Hive or Pig don't seem like they would help you. Essentially each of them compiles down to one or more map/reduce jobs, so the response cannot be within 5 seconds
HBase may work, although your infrastructure is a bit small for optimal performance. I don't understand why you can't pre-compute summary statistics for each column. You should look up computing running averages so that you don't have to do heavy weight reduces.
check out http://en.wikipedia.org/wiki/Standard_deviation
stddev(X) = sqrt(E[X^2]- (E[X])^2)
this implies that you can get the stddev of AB by doing
sqrt(E[AB^2]-(E[AB])^2). E[AB^2] is (sum(A^2) + sum(B^2))/(|A|+|B|)
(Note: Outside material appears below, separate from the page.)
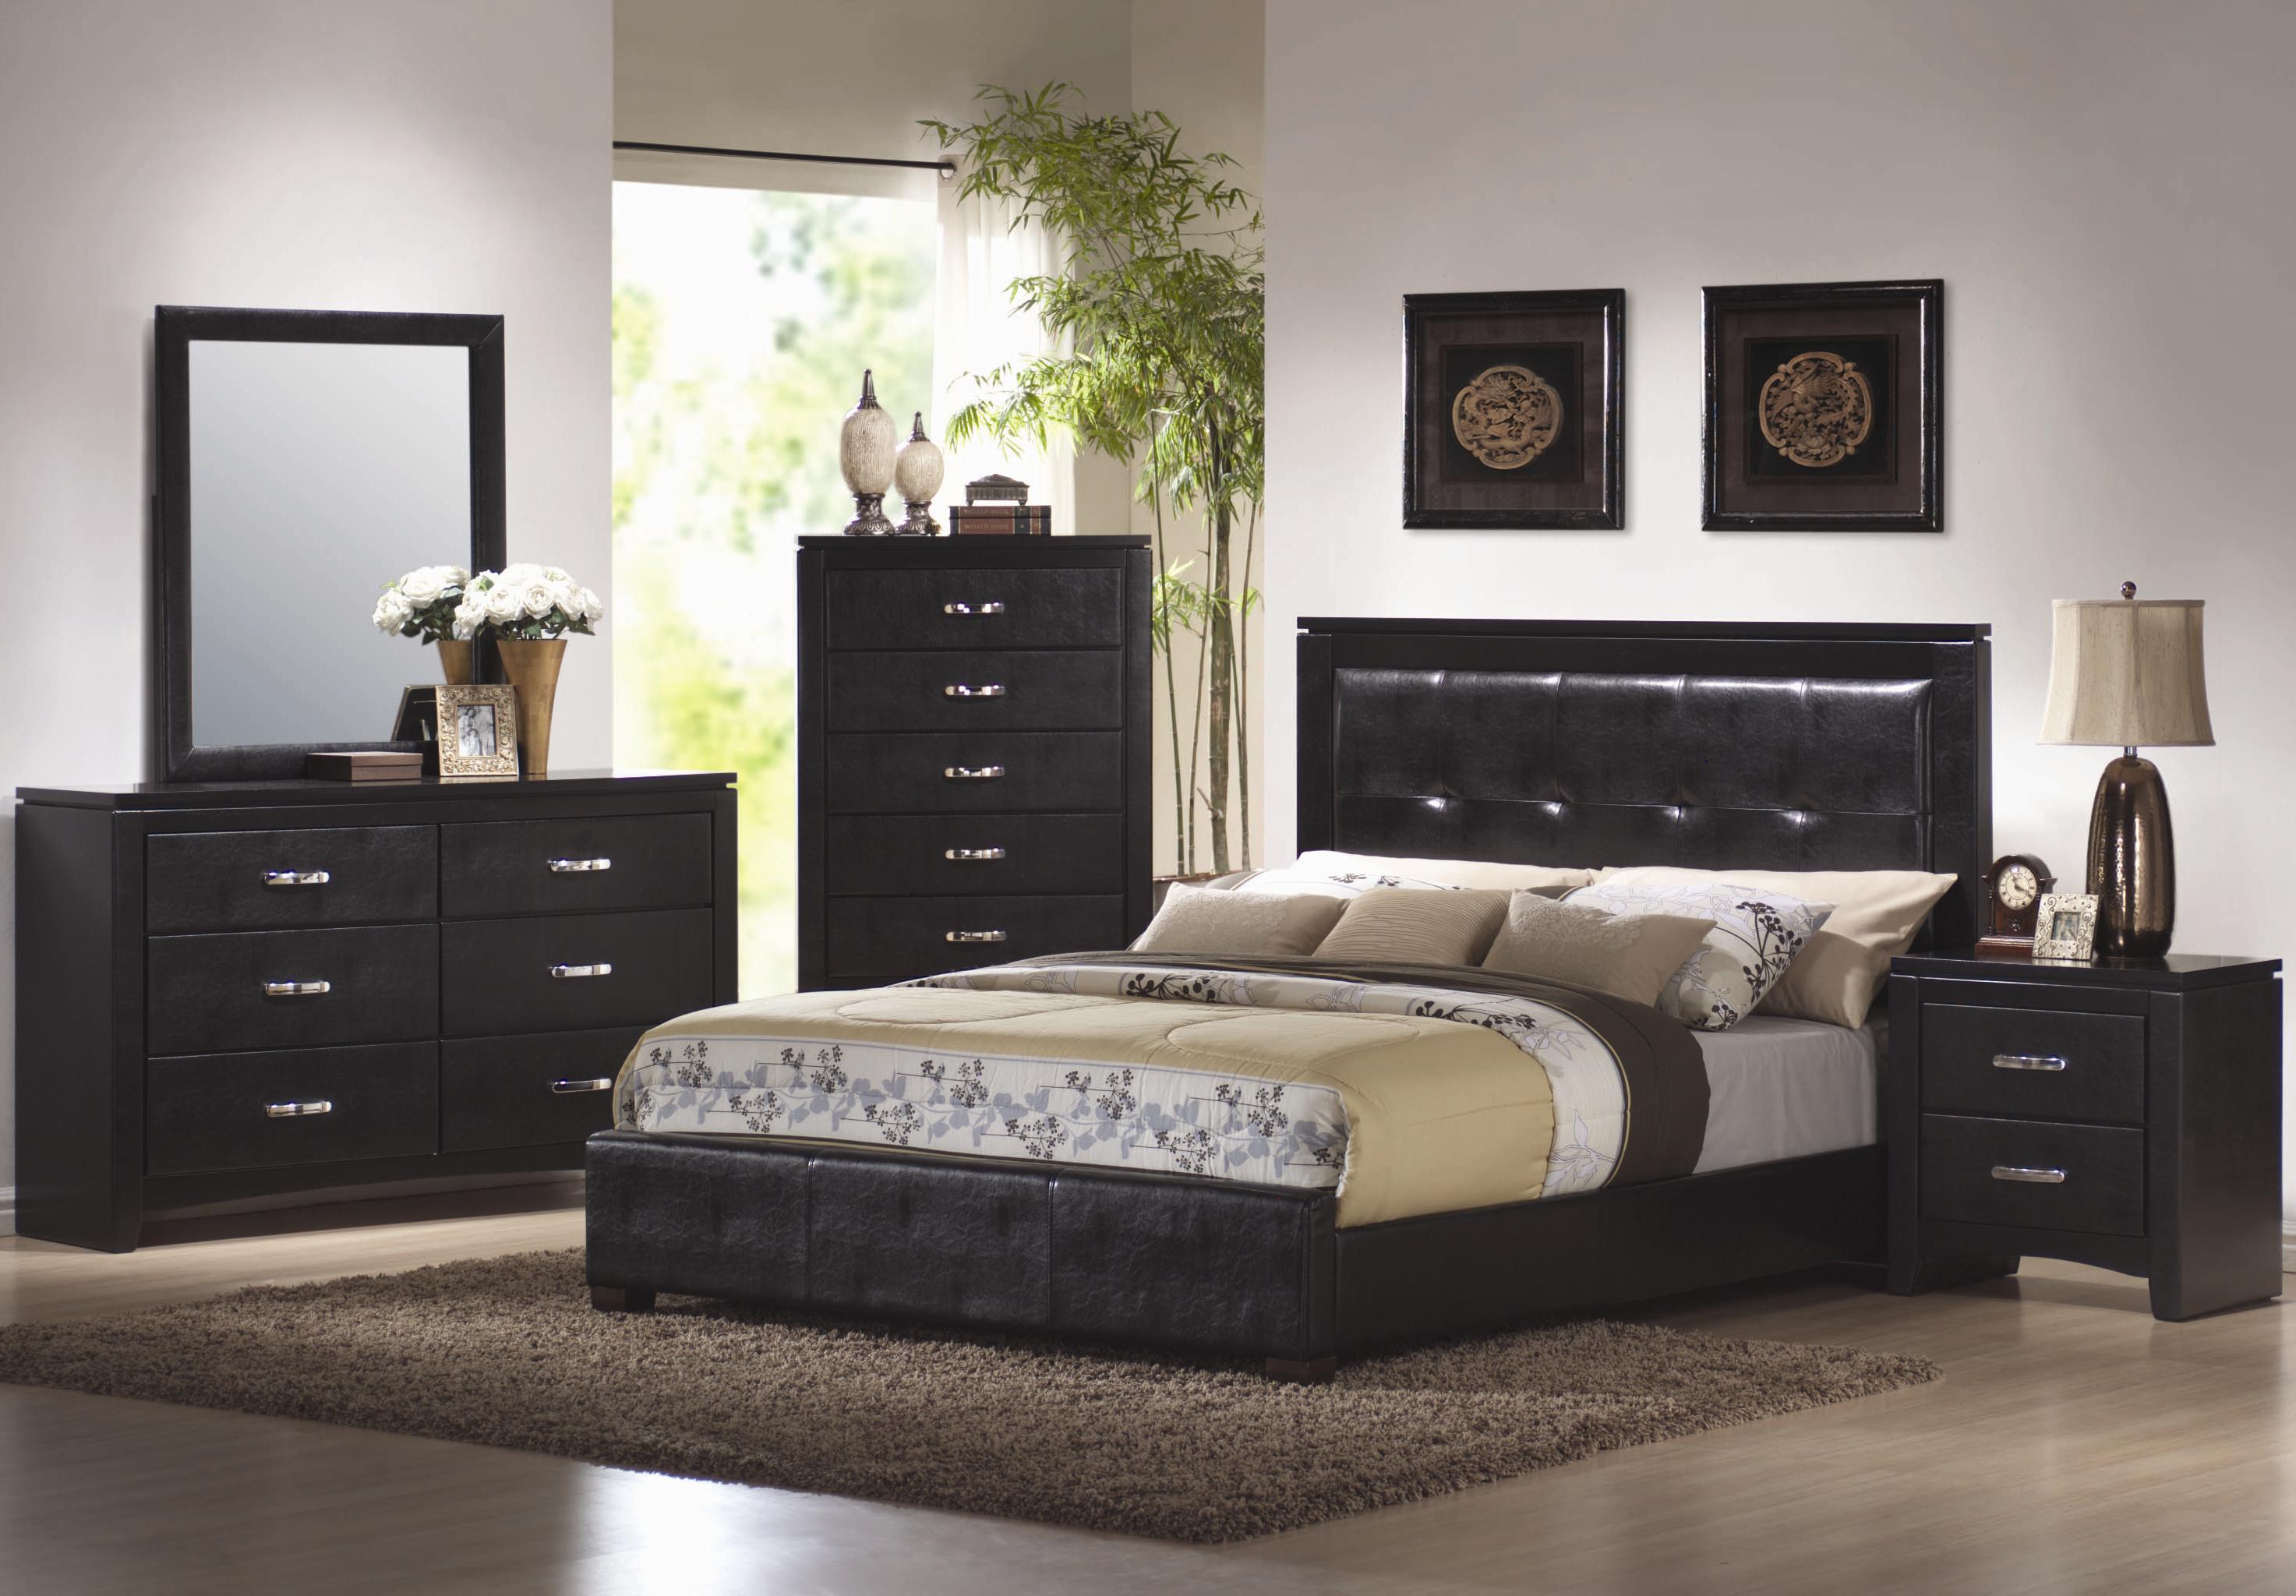 Coaster Dylan California King Bedroom Group - Item Number: 201400 CK Bedroom Group 1

Since your data seems to be pretty much homogeneous, I would definitely take a look at Google BigQuery - You can ingest and analyze the data without a MapReduce step (on your part), and the RESTful API will help you create a web application based on your queries. In fact, depending on how you want to design your application, you could create a fairly 'real time' application.
It is serious problem without immidiate good solution in the open source space. In commercial space MPP databases like greenplum/netezza should do.
Ideally you would need google's Dremel (engine behind BigQuery). We are developing open source clone, but it will take some time...
Regardless of the engine used I think solution should include holding the whole dataset in memory - it should give an idea what size of cluster you need.
If I understand you correctly and you only need to aggregate on single columns at a time
You can store your data differently for better results
in HBase that would look something like
table per data column in today's setup and another single table for the filtering fields (type_ids)
row for each key in today's setup - you may want to think how to incorporate your filter fields into the key for efficient filtering - otherwise you'd have to do a two phase read (
column for each table in today's setup (i.e. few thousands of columns)
HBase doesn't mind if you add new columns and is sparse in the sense that it doesn't store data for columns that don't exist.
When you read a row you'd get all the relevant value which you can do avg. etc. quite easily
You might want to use a plain old database for this. It doesn't sound like you have a transactional system. As a result you can probably use just one or two large tables. SQL has problems when you need to join over large data. But since your data set doesn't sound like you need to join, you should be fine. You can have the indexes setup to find the data set and the either do in SQL or in app math.